The first and second are signs against choosing a provider like this, but the third one is even worse. Imagine a plumber coming to your home and you ask them how they would fix the leaking pipe. If they say they won’t tell you because they are afraid you may do it on your own, would you hire them? Whatever they explain, I will be glad they are there to do it. It is unlikely I would want to roll-up my sleeves and start taking the tiles of the bathroom off. Even if the problem is so simple that I can do it on my own, then shouldn’t they be a good provider and tell me? I will only trust them more and call them next time the garbage disposal breaks.
So, ask for the secret sauce and pay attention to the answer. It may tell you a lot more than how good their forecasting skills are. It may tell you how good of a business partner you are getting.
2. What does a forecast look like?
“It’s a number.”
“It’s a range.”
You most likely know that getting a sample of the end result or a demo of the reporting capability is a must. When you are looking at the reports, keep an eye out for reports shown as ranges, or distributions. Also, the report should use the terms “there is an x chance that” or “the probability of that happening is y.” Those are all good signs of a good forecasting system.

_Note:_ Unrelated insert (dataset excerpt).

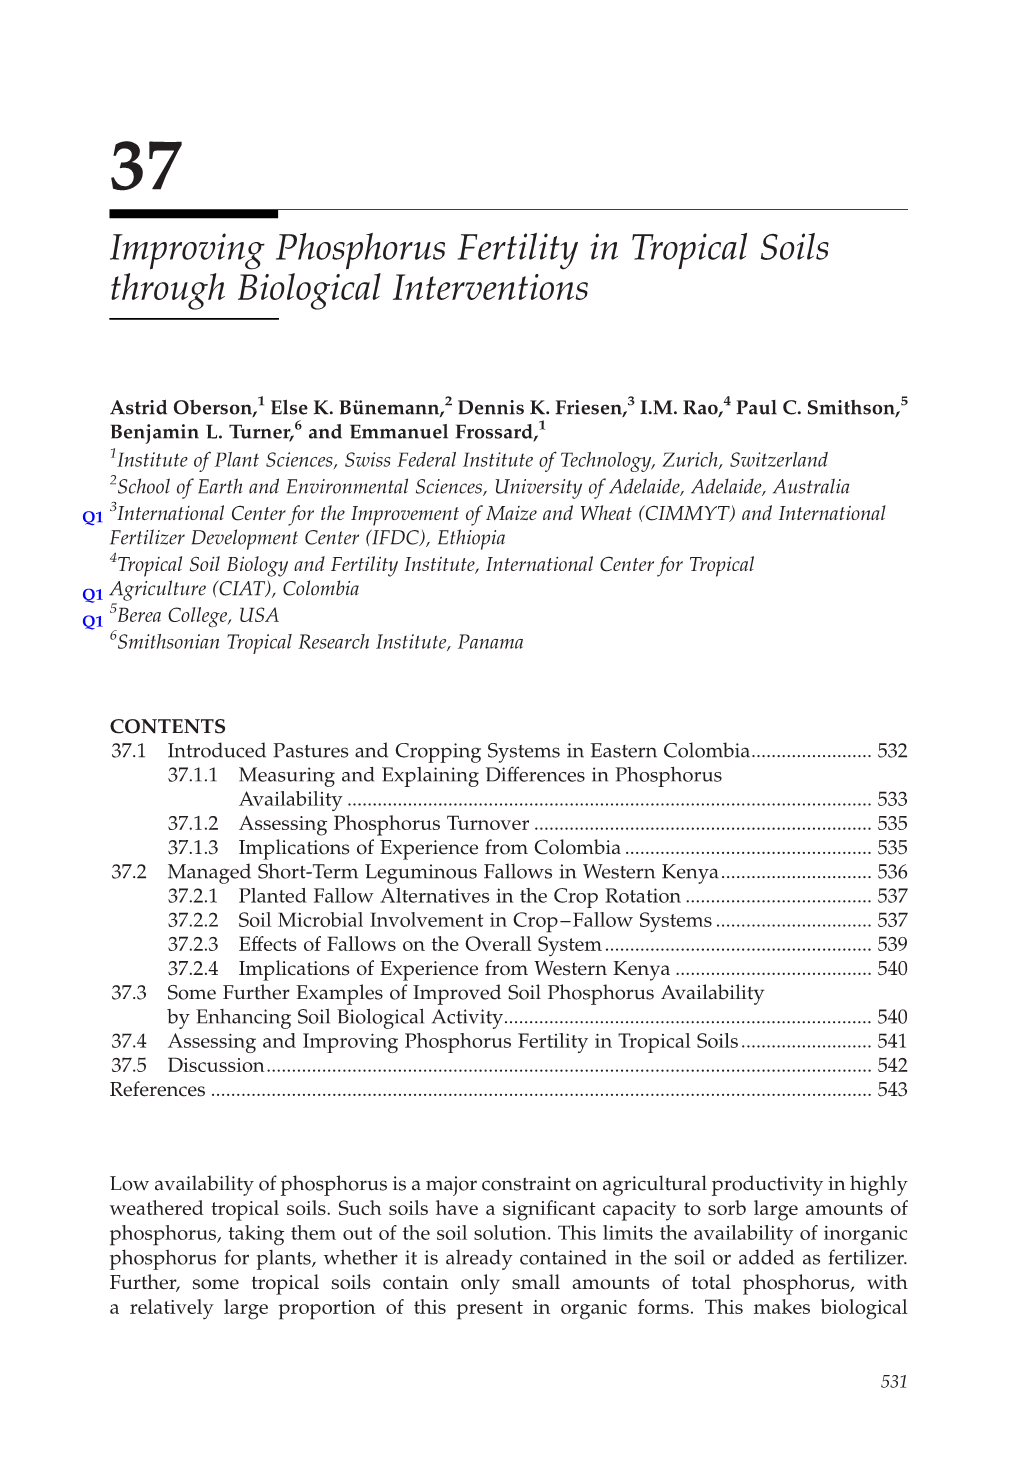 Improving Phosphorus Fertility in Tropical Soils Through Biological Interventions

Keep in mind the distinction between predictions and forecasts. “It will rain tomorrow” is a prediction. “There is a 70% chance of rain tomorrow” is a forecast. No one can predict the future with certainty, whether about the weather, or about your organization’s business questions. Statisticians, scientists, analysts, and modelers are all in the business of forecasting, although sometimes they forget. Predictions are best left for fortune-tellers.

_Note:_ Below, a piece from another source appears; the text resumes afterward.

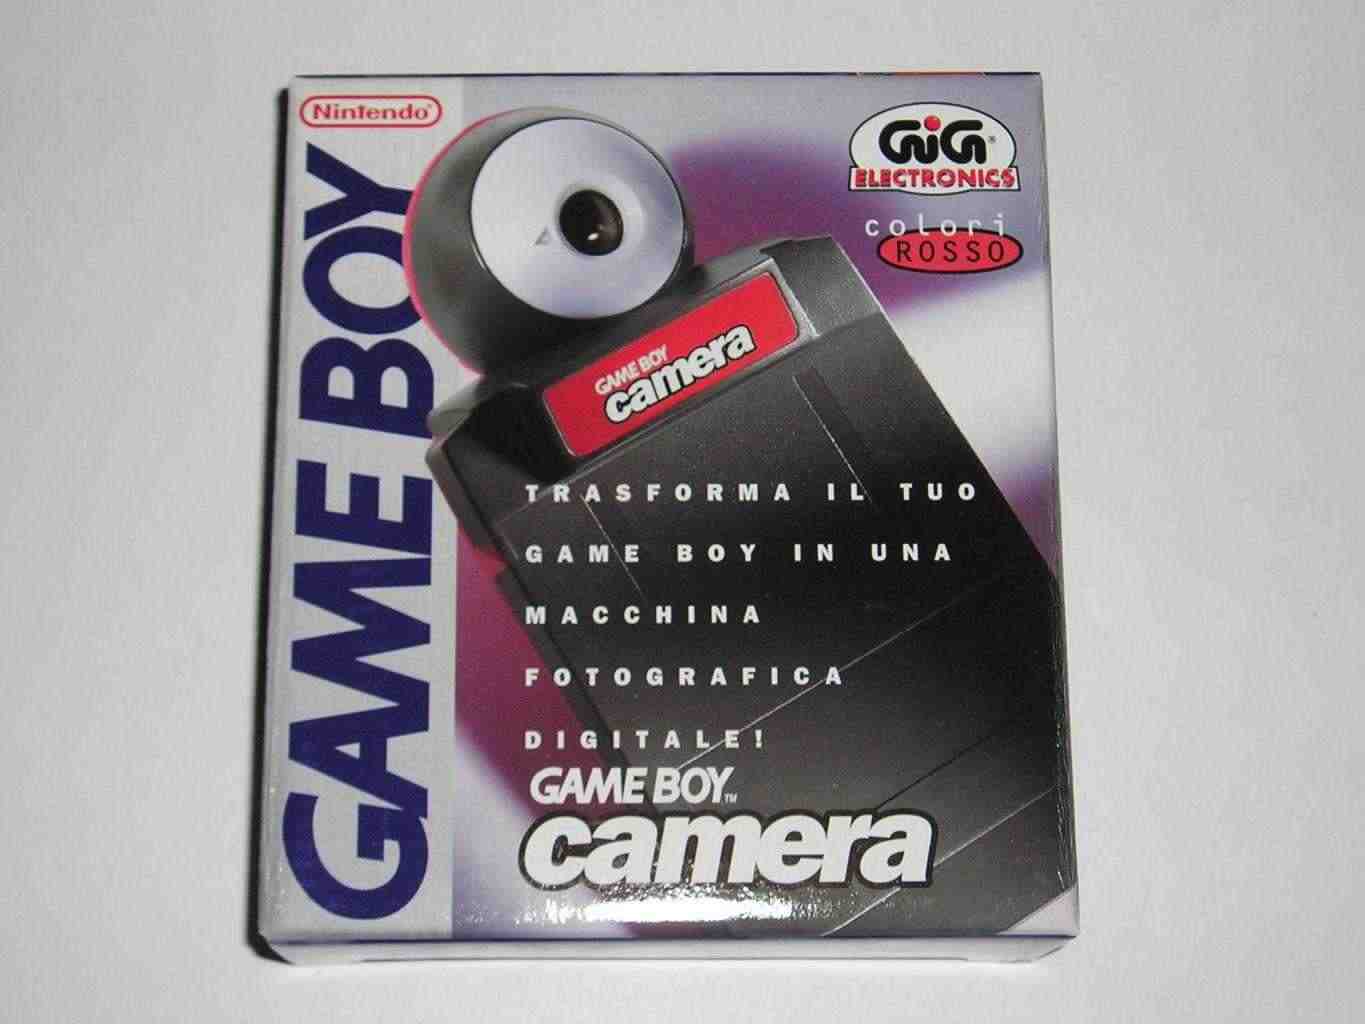 Game boy camera nintendo

What does this mean for your evaluation of forecasting solutions? If a report shows that your sales will be 142,233, be wary. The sign of a good forecasting system is one that formulates results as ranges, or even better: distributions of outcomes.
Distributions inform what is likely to happen and what is the risk associated with it. See below for an example. Each blue dot on the chart on the left is one possible outcome. Let’s say that we are forecasting sales. Of the 44 forecasts, 11 show 85,000 sales. This tells us that there is a 25% chance that sales will be 85,000. We do not forecast more than 100,000 sales or less than 60,000, so those seem to be the maximum and minimum possible sales we forecast. The distribution on the left is often summarized as a “box-and-whiskers” chart (shown on the right). These charts show the minimum, maximum, and median of the forecasted distribution. The blue rectangle shows the range of outcomes that are occurring 50% of the time in our forecast.
Without ranges and probabilities, you benefit only partly from forecasting. The range of outcomes is useful information on its own because it shows how much risk there is. Narrower ranges mean greater certainty in forecasts; wider ranges mean greater risk.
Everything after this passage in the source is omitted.